>>>>

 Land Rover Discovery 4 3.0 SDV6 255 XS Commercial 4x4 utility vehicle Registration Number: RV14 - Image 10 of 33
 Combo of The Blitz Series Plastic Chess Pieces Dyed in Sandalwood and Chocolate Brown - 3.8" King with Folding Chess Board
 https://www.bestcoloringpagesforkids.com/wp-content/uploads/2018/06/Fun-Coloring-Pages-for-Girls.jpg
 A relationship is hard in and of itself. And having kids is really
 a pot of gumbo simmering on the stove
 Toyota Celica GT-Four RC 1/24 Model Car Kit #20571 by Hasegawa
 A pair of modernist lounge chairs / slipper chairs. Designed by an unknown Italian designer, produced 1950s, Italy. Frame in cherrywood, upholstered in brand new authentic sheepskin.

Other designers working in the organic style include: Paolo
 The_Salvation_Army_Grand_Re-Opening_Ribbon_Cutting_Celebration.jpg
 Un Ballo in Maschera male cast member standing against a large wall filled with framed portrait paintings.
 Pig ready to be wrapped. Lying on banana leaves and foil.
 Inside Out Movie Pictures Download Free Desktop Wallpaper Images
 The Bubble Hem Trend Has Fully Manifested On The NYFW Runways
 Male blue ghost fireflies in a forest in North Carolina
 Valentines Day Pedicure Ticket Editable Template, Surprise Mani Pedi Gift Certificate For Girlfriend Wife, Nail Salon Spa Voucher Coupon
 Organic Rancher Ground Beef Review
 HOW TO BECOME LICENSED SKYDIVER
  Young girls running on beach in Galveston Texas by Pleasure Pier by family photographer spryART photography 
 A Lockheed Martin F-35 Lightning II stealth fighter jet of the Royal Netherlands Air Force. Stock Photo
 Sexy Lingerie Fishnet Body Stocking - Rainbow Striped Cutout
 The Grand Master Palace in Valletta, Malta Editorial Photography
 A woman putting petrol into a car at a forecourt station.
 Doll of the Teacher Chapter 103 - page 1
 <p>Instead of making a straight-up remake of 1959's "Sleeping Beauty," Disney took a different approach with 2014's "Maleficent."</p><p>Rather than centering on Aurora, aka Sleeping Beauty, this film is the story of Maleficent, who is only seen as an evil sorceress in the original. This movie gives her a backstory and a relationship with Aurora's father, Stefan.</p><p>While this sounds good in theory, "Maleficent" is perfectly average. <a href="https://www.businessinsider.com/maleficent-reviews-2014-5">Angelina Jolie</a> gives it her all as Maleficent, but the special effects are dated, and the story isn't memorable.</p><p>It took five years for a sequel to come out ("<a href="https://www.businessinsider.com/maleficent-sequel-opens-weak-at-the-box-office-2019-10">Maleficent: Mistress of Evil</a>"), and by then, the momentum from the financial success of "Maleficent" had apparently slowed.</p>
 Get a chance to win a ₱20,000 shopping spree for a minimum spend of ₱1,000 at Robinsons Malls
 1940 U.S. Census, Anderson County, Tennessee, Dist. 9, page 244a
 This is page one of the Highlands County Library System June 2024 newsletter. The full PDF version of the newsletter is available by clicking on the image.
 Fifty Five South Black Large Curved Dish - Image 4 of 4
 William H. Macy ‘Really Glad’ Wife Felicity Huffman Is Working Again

<<<<

Your objective:
Scan the data above and report each line in which "Wife" is present.

Result of the exercise:
 Valentines Day Pedicure Ticket Editable Template, Surprise Mani Pedi Gift Certificate For Girlfriend Wife, Nail Salon Spa Voucher Coupon
 William H. Macy ‘Really Glad’ Wife Felicity Huffman Is Working Again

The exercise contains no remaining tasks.